Visualizing the Comparison
Statistical output needs visual support. Boxplots effectively show group differences:
library(ggplot2)
ggplot(reaction_data, aes(x = drug, y = time, fill = drug)) +
geom_boxplot(alpha = 0.7) +
geom_jitter(width = 0.1, alpha = 0.5) +
labs(
title = "Reaction Time by Drug Condition",
x = "Drug",
y = "Reaction Time (ms)"
) +
theme_minimal() +
theme(legend.position = "none") +
scale_fill_brewer(palette = "Set2")
Add significance annotations with the ggsignif package:
library(ggsignif)
ggplot(reaction_data, aes(x = drug, y = time, fill = drug)) +
geom_boxplot(alpha = 0.7) +
geom_jitter(width = 0.1, alpha = 0.5) +
geom_signif(
comparisons = list(c("A", "B")),
map_signif_level = TRUE,
textsize = 5
) +
labs(
title = "Reaction Time by Drug Condition",
x = "Drug",
y = "Reaction Time (ms)"
) +
theme_minimal() +
theme(legend.position = "none")
The visualization reveals what summary statistics hide: distribution shape, outliers, and overlap between groups.

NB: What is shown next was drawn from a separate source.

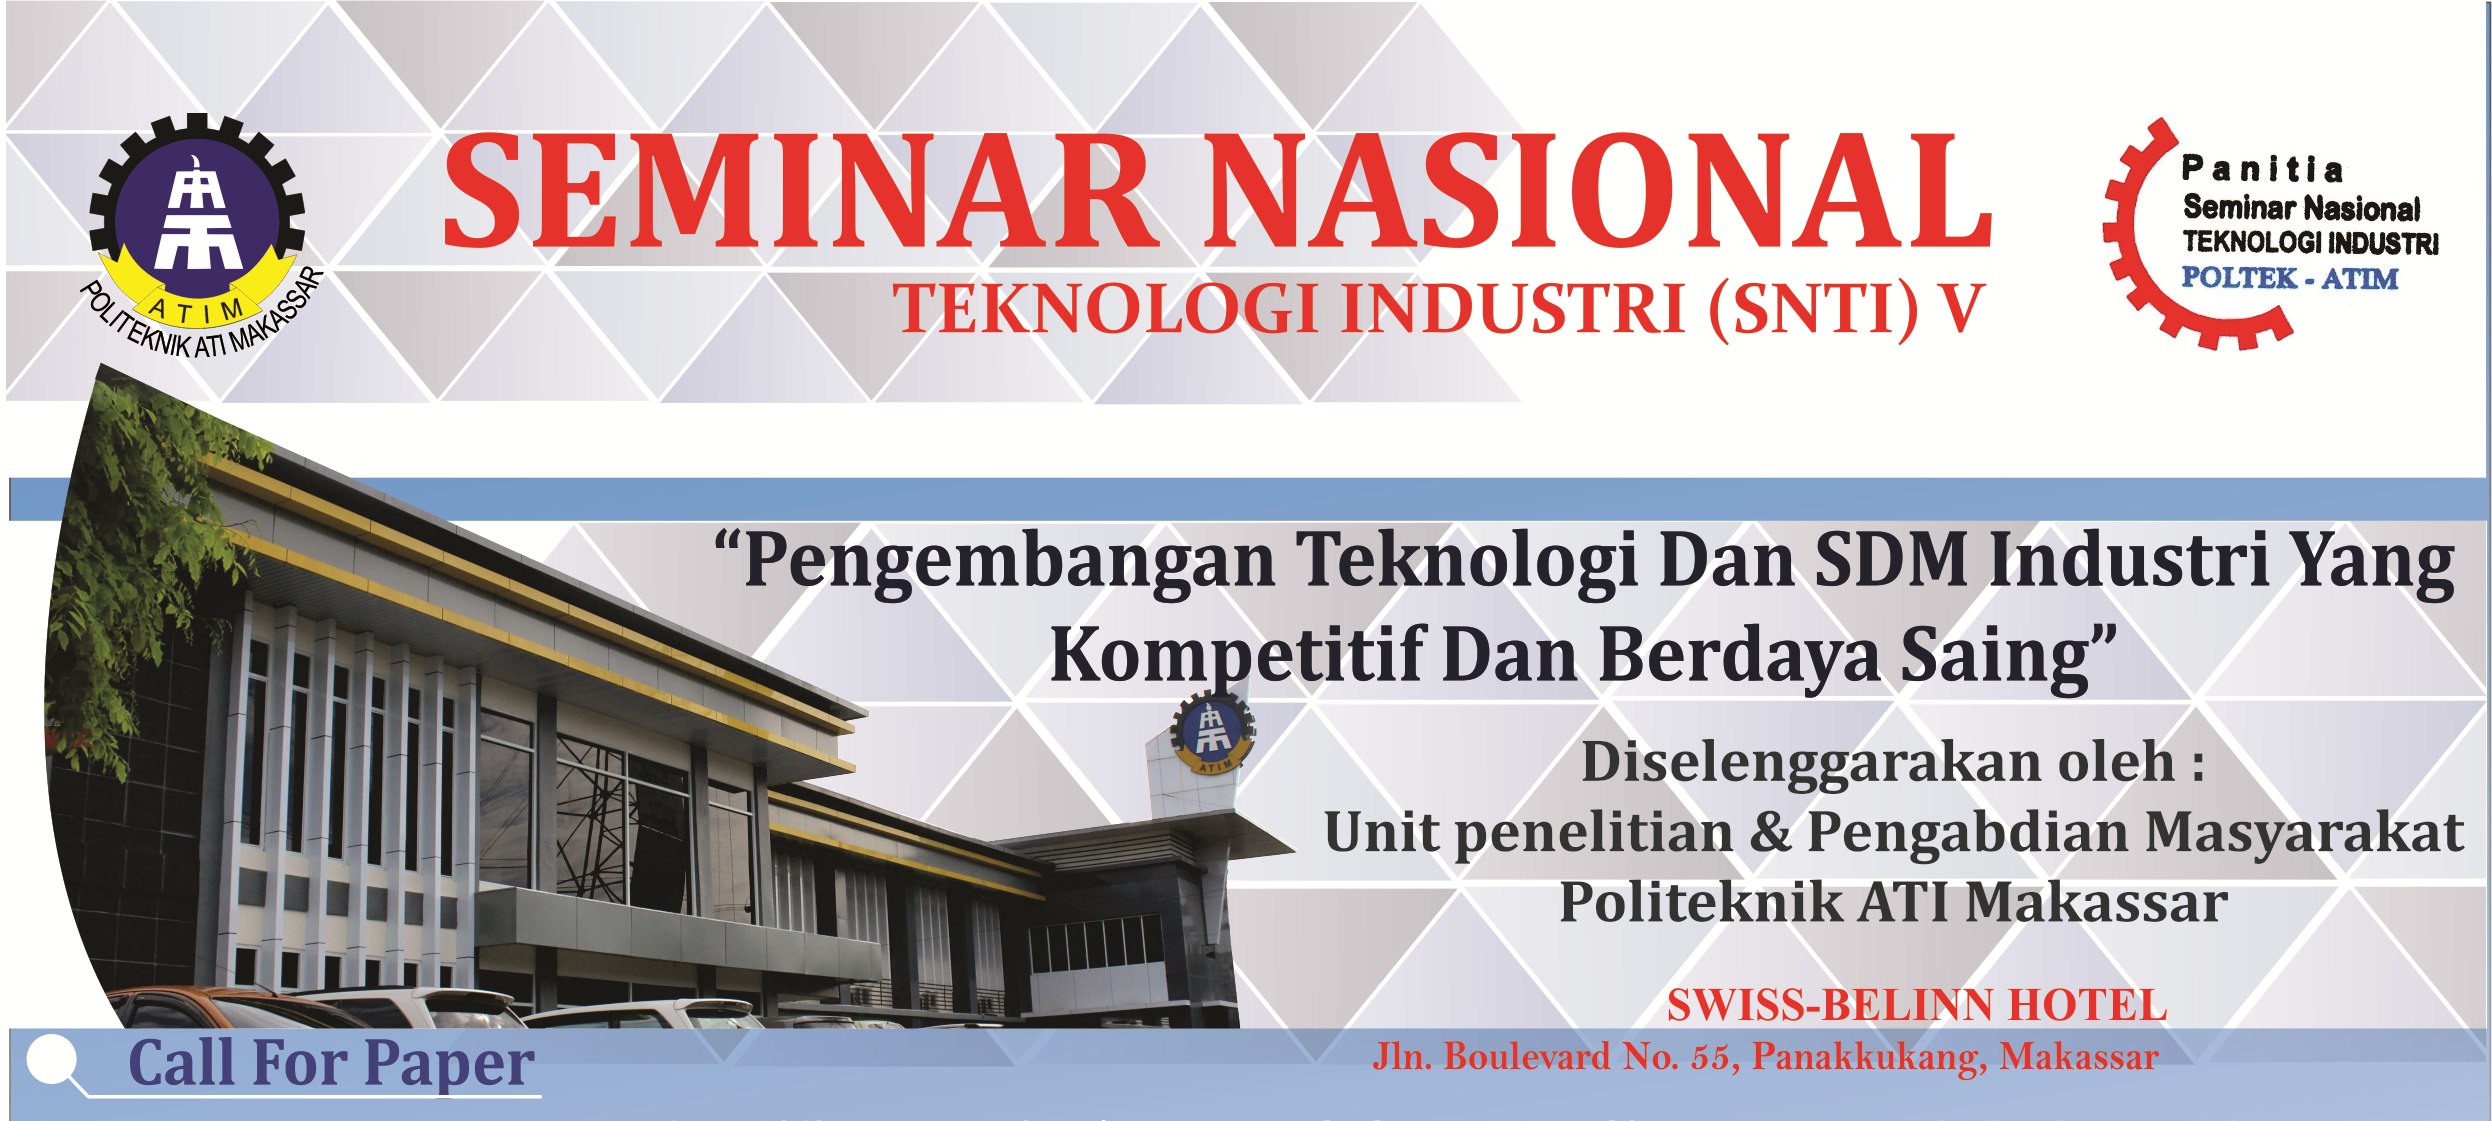 Seminar Nasional Teknologi Industri (SNTI) V 2017

Common Pitfalls and Alternatives
When Assumptions Fail
If your data severely violates normality (especially with small samples), the Mann-Whitney U test (also called Wilcoxon rank-sum test) is your non-parametric alternative:
# Mann-Whitney U / Wilcoxon rank-sum test
wilcox.test(time ~ drug, data = reaction_data)

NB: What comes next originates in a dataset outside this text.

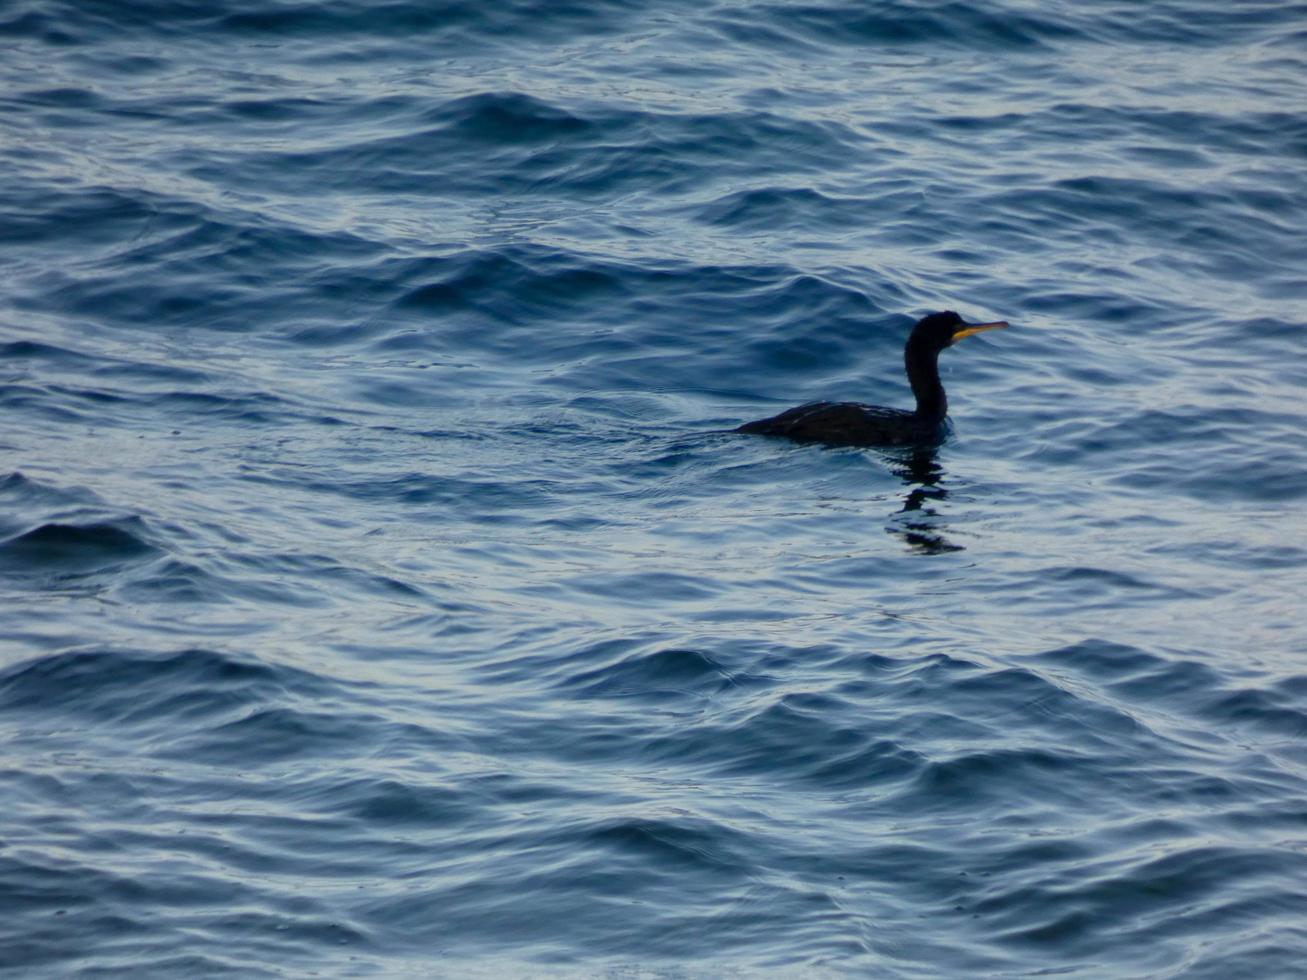 sjöfågel som väntar på en fångst, uppflugen på ett lugnt blått hav foto

# Or with separate vectors
wilcox.test(drug_a, drug_b)
This test compares medians rather than means and makes no distributional assumptions. The trade-off is lower statistical power when normality holds.
Don’t Confuse Paired and Independent Tests
The paired t-test is for dependent observations—same subjects measured twice, or matched pairs. If you have before-after measurements on the same people, you need paired = TRUE:
# WRONG: Treating paired data as independent
t.test(before, after)
# CORRECT: Paired t-test
t.test(before, after, paired = TRUE)
Using an independent t-test on paired data throws away information and reduces power. Using a paired test on independent data violates assumptions and produces invalid results.
Other Mistakes to Avoid
Multiple comparisons: If you’re comparing more than two groups, don’t run multiple t-tests. Use ANOVA with post-hoc tests to control family-wise error rate.

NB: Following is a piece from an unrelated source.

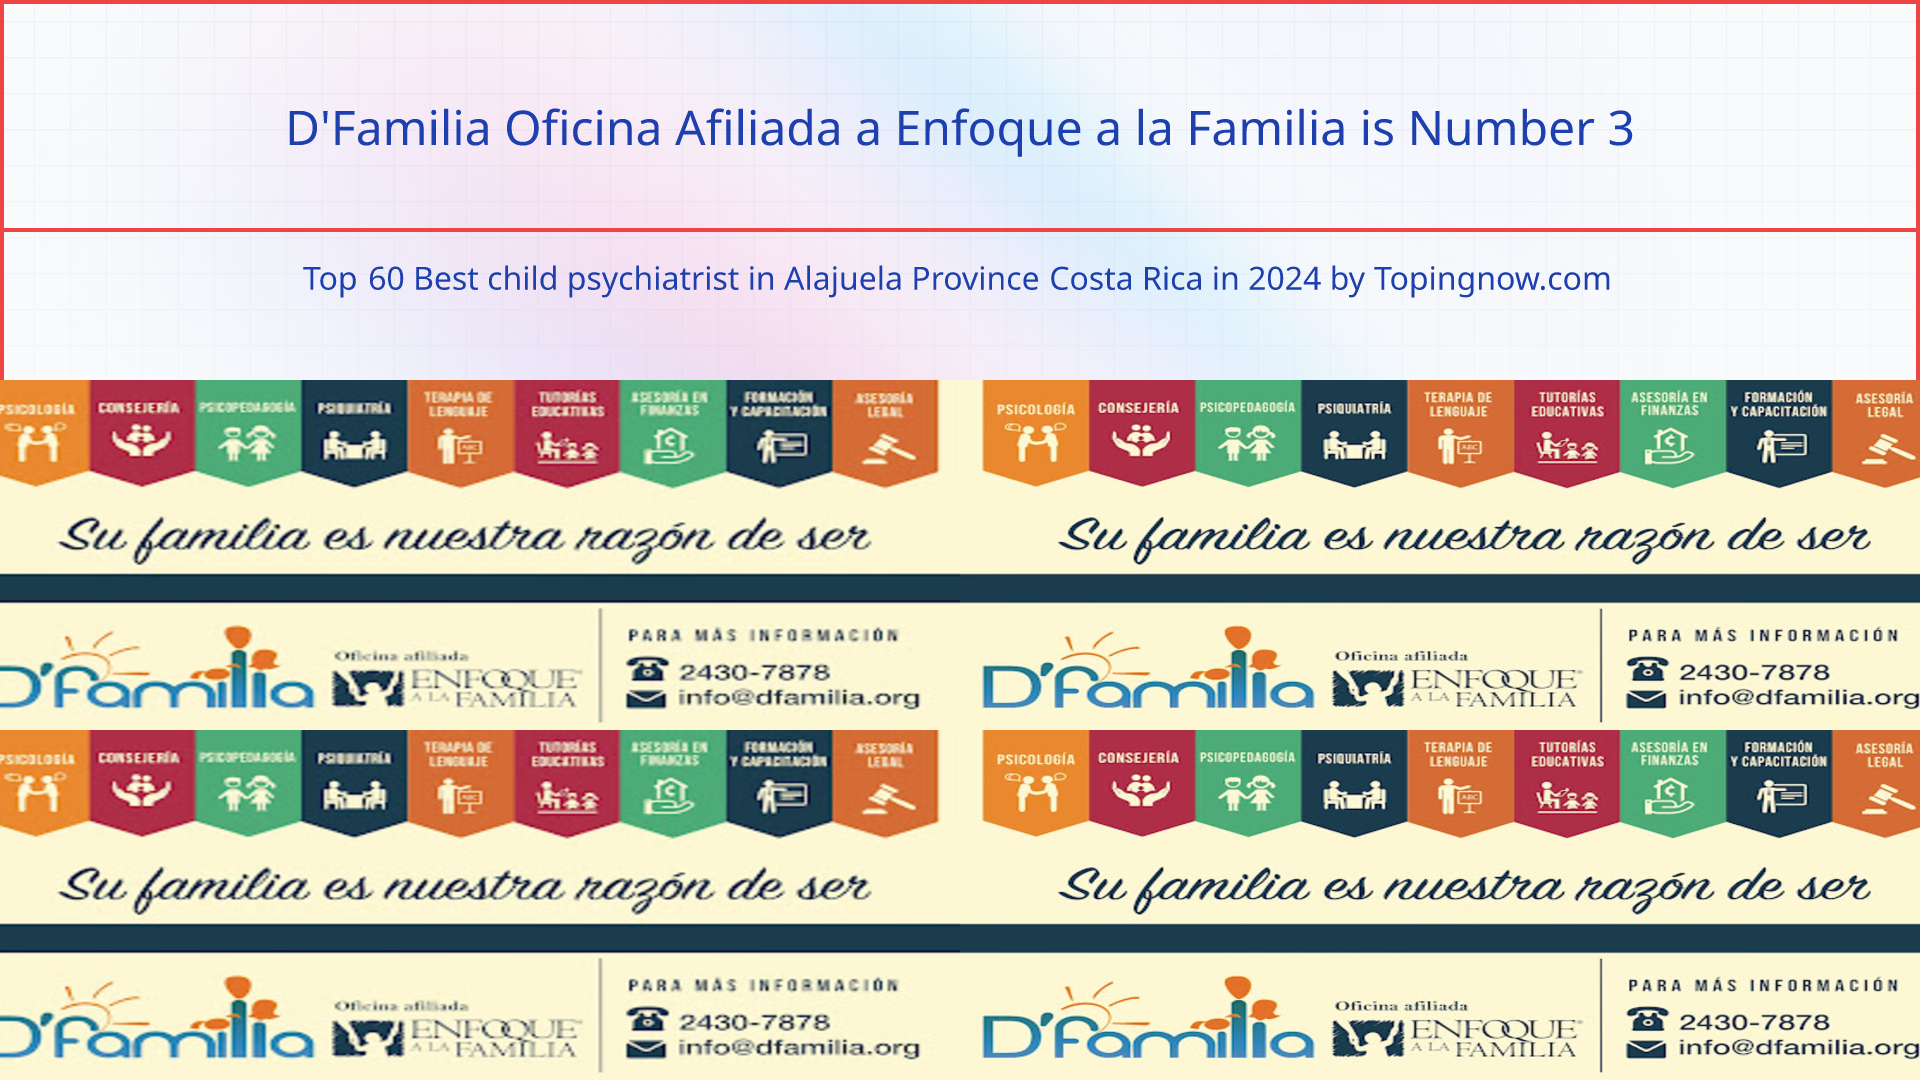 D'Familia Oficina Afiliada a Enfoque a la Familia: Top 60 Best child psychiatrist in Alajuela Province Costa Rica in 2024

Ignoring effect size: A significant p-value with n=10,000 might reflect a trivial difference. Always compute and report effect size.
P-hacking: Running the test, then removing “outliers” until you get significance is scientific fraud. Define your analysis plan before looking at results.
The two-sample t-test is fundamental to statistical analysis in R. Master the mechanics here, but remember that choosing the right test matters less than designing good studies and collecting quality data.